Светлый фон

— Недели две, а может, и больше. Тут дни-то несчитанные.

— А ты календарь заведи. Будешь отрывать листочки. День минул — листок долой! — шутливо посоветовал Судаков.

— Ни к чему это, — мрачно ответил Гаврила. — Без дела дни проходят, и считать их нечего. Это когда дома — другое дело. Знаешь, чего в понедельник делать, чего во вторник, в среду… Вон мужики-то пашут, сеют, а я…

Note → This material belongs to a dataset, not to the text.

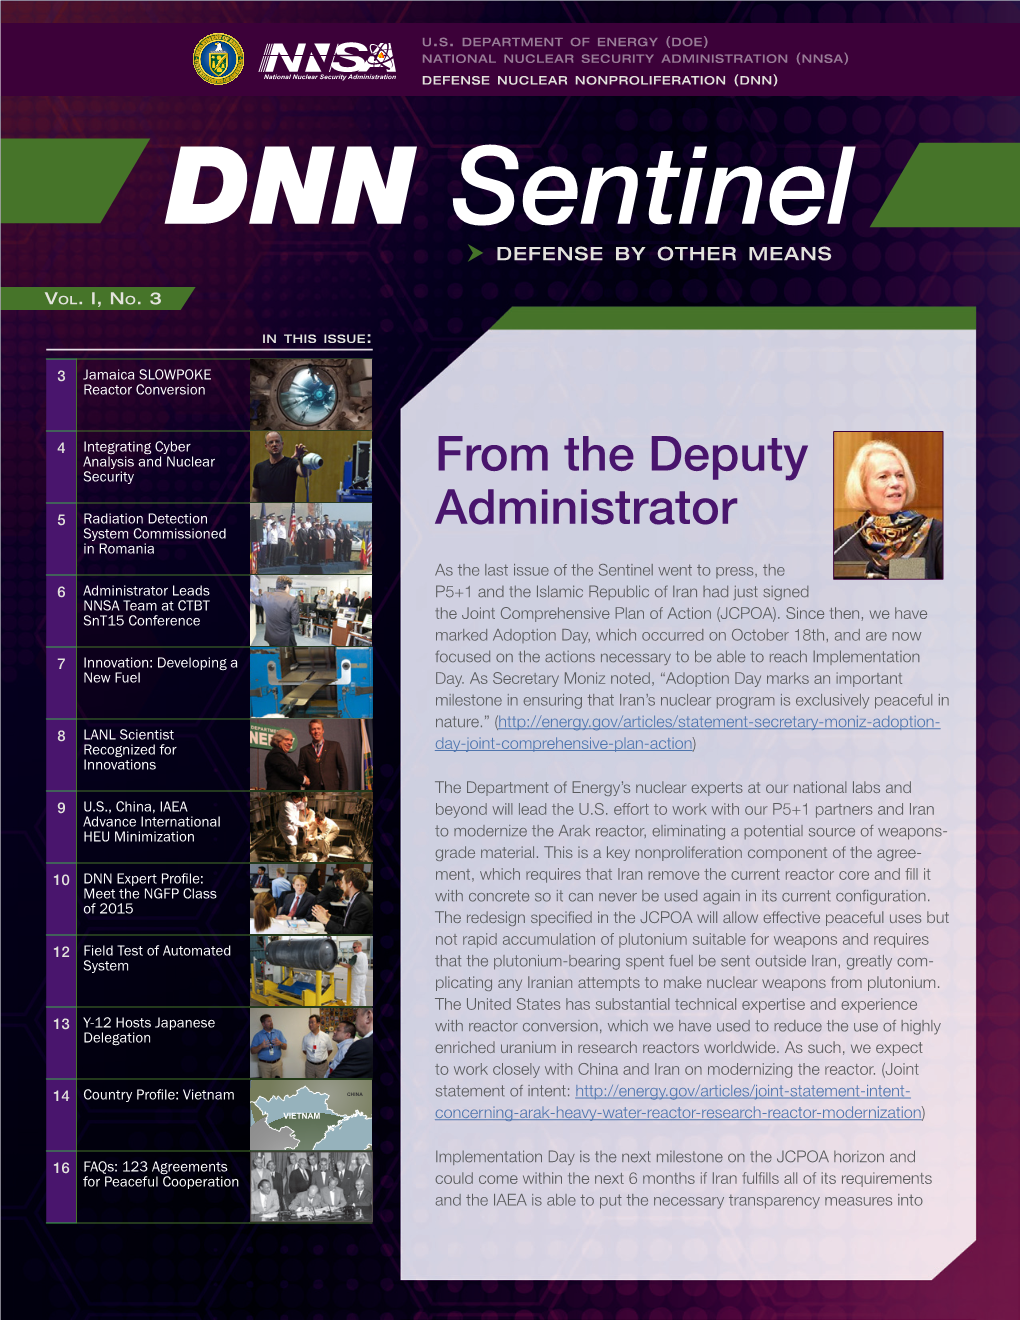 NNSA's DNN Sentinel Volume I, No. 3 and Addendum

— Погоди, напашешься, — перебил Судаков, бесцеремонно заглядывая в узелок, который развертывал Гаврила. — О-о, да у тебя тут еды-то на целый полк! Жена, что ли, приходила?

— Приходила.

Гаврила сел, снял старую фуражку, расправил длинные волосы, провел ладонью по усам и широкой пепельной бороде.

— Милости просим, — он показал на еду.

— Всякая еда хороша ко времени. Сейчас жареный лапоть и тот съешь, — Судаков рассмеялся и ухватил ломоть хлеба. — Раньше овсом только лошадей кормили, а теперь мы едим овсяный хлеб.

— Это еще хорошо. А то лебеду ели. Это из семенного овса баба испекла. Овес государство на обсеменение дало.

— А еще чего дало государство? — ехидно спросил Судаков.

— Рожь, ячмень.

— Вот будут мужички, товарищи крестьяне, ссуду государству с процентами отдавать, тогда почешут затылки.

— Говорят, без процентов ссуда-то, — неуверенно возразил Гаврила.

— Говорят, говорят! — передразнил Судаков. — Советская власть за все проценты берет. Попадешься ты, так тебе за дезертирство годика три тюрьмы дадут да еще годика два накинут за здорово живешь… Это что такое? — Судаков ткнул пальцем в узелок с едой.

— Ватрушки.

— Первый раз такие вижу.

— Тесто из ржаной муки с тертой картошкой, а сверху конопляное семя… толченое.

— Ну-ка, давай попробуем.

Глотая куски клеклого теста с пахучим конопляным семенем, Судаков многозначительно продолжал с издевкой:

— Так что ты, товарищ Гаврила, учти: страдать тебе придется много, если попадешься.